From the line containing "The Background of" to the last line of the data below, copy everything exactly and nothing else; pictures stay out.

▸ DATASET SECTION:
============================================================

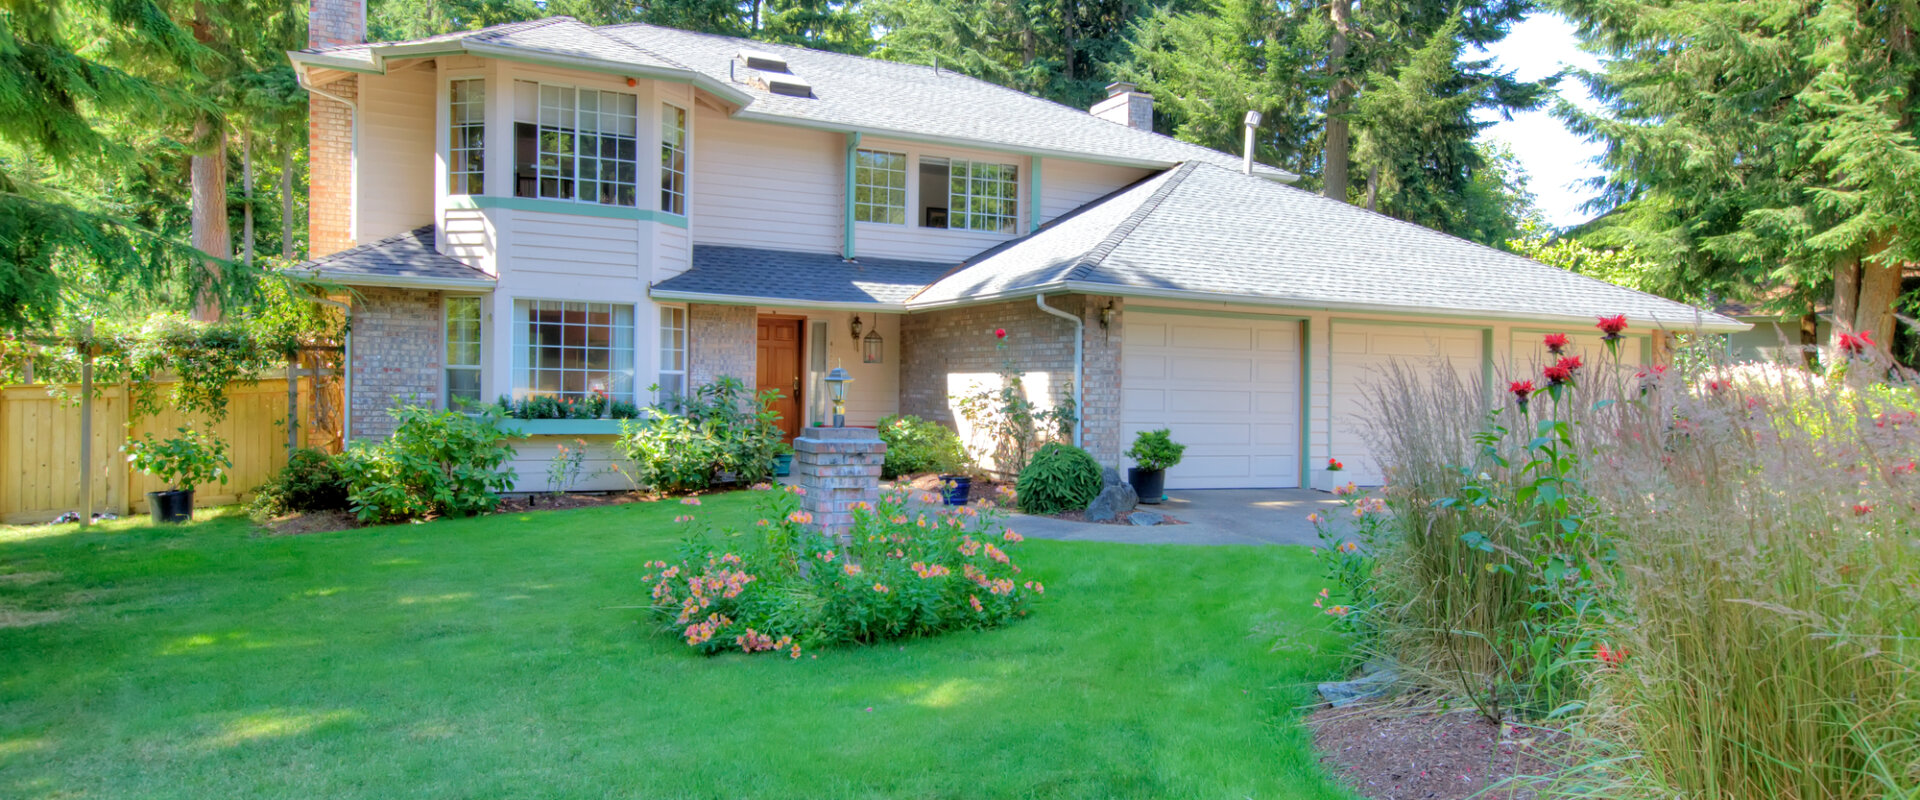 Sell Your House Fast in Tukwila
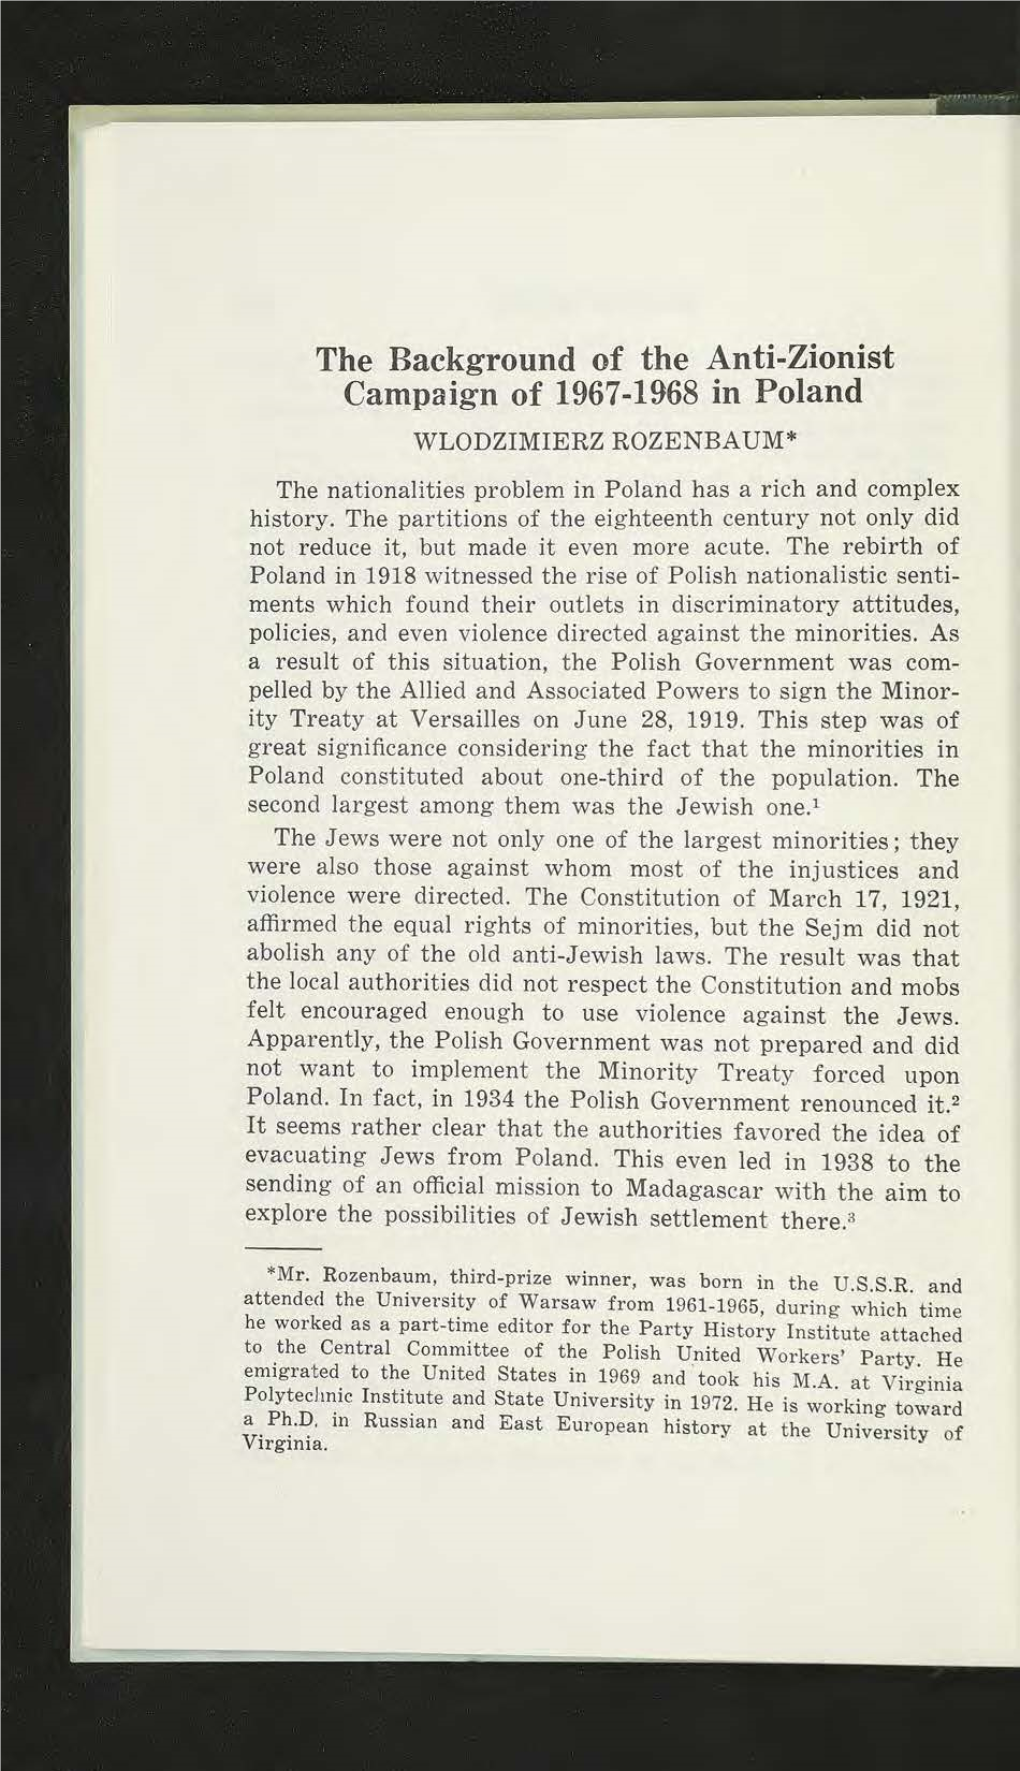 The Background of the Anti-Zionist Campaign of 1967-1968 in Poland WLODZIMIERZ ROZENBAUM* the Nationalities Problem in Poland Has a Rich and Complex History
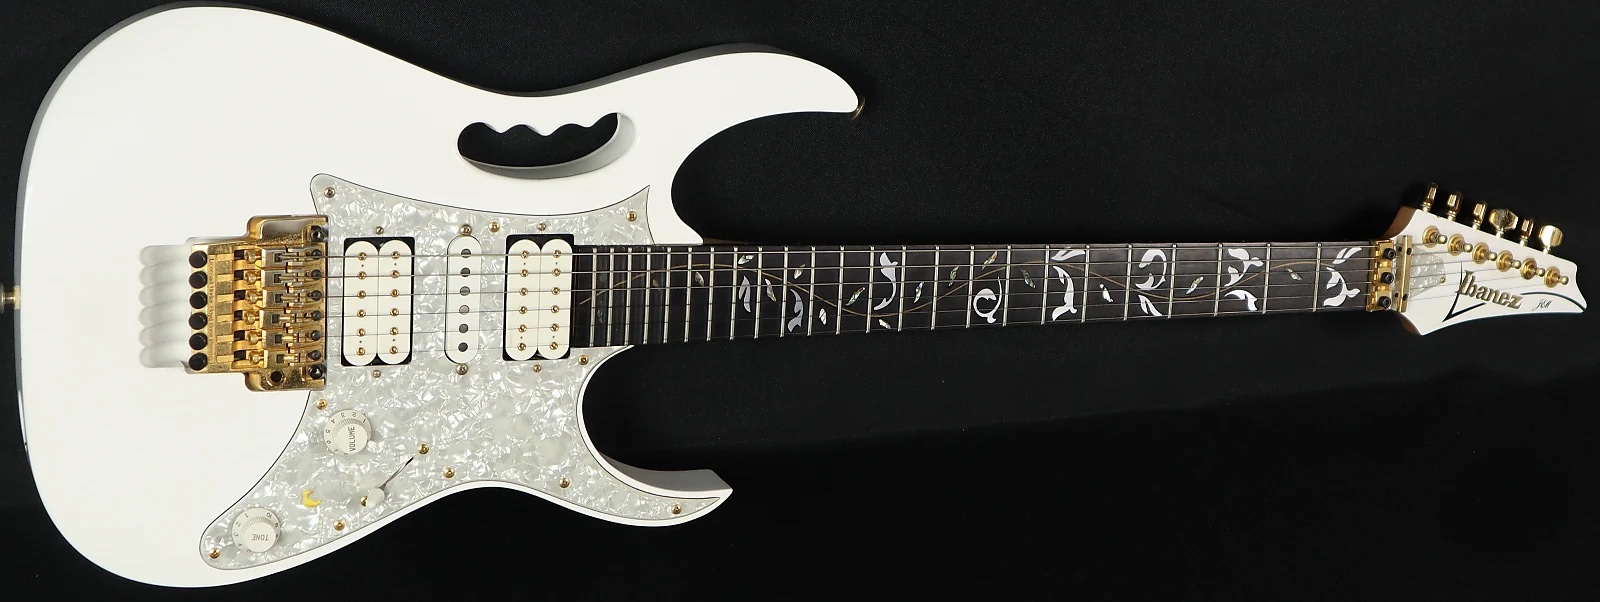 An Ibanez JEM7V-WH once owned and played by Steve Vai
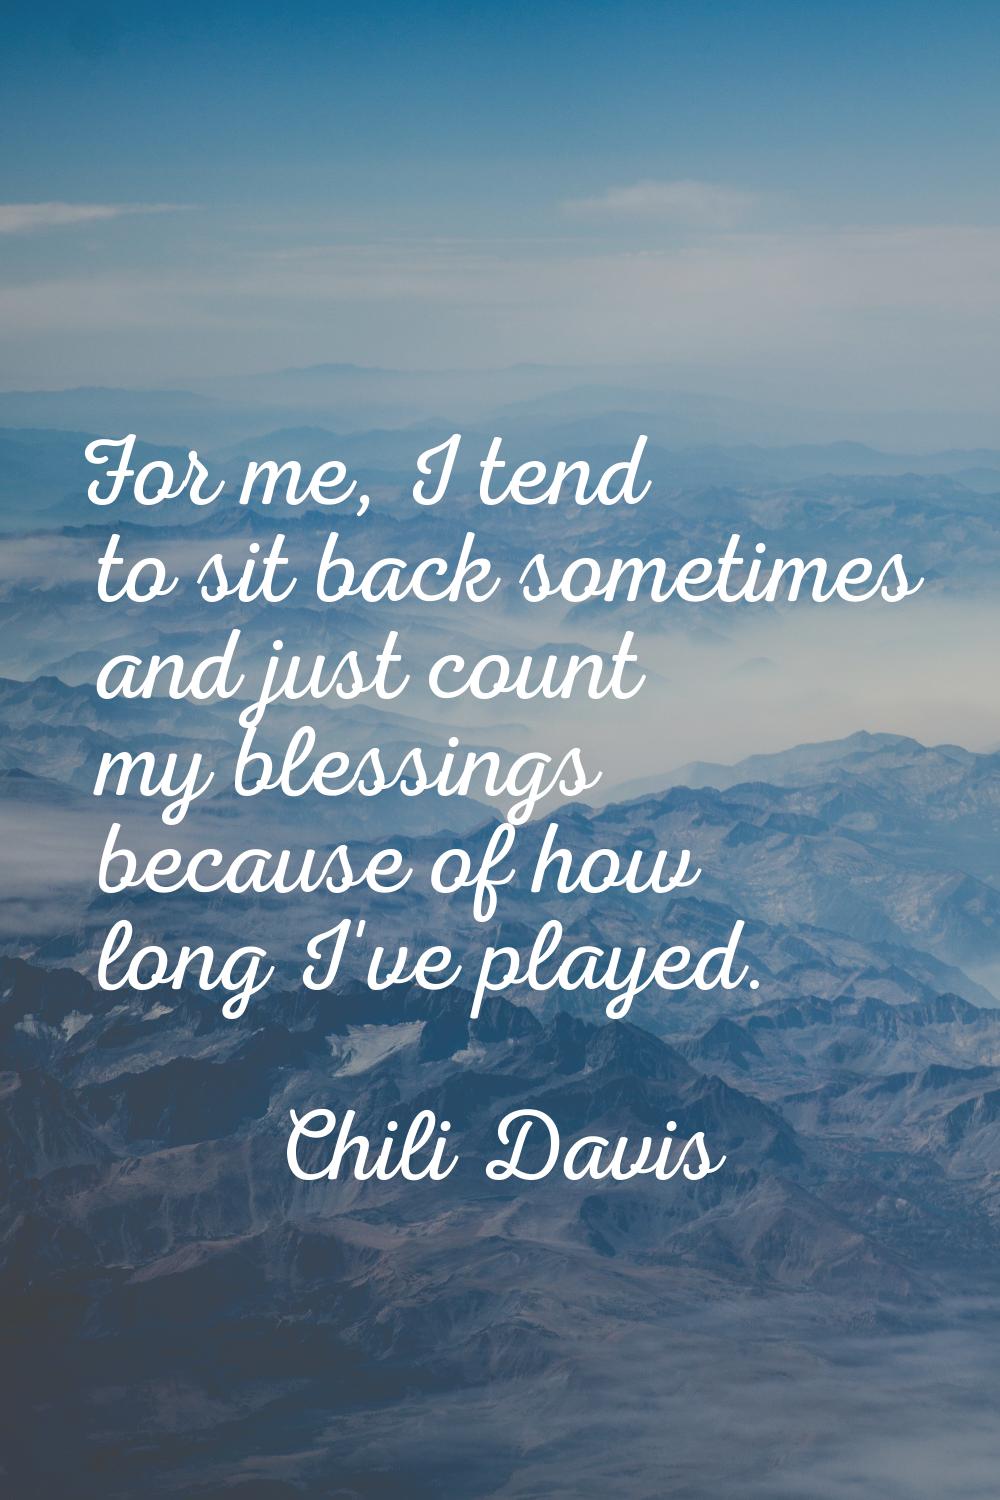 For me, I tend to sit back sometimes and just count my blessings because of how long I've played.

============================================================

▸ SOLUTION TO THIS TASK:
 The Background of the Anti-Zionist Campaign of 1967-1968 in Poland WLODZIMIERZ ROZENBAUM* the Nationalities Problem in Poland Has a Rich and Complex History
 An Ibanez JEM7V-WH once owned and played by Steve Vai
 For me, I tend to sit back sometimes and just count my blessings because of how long I've played.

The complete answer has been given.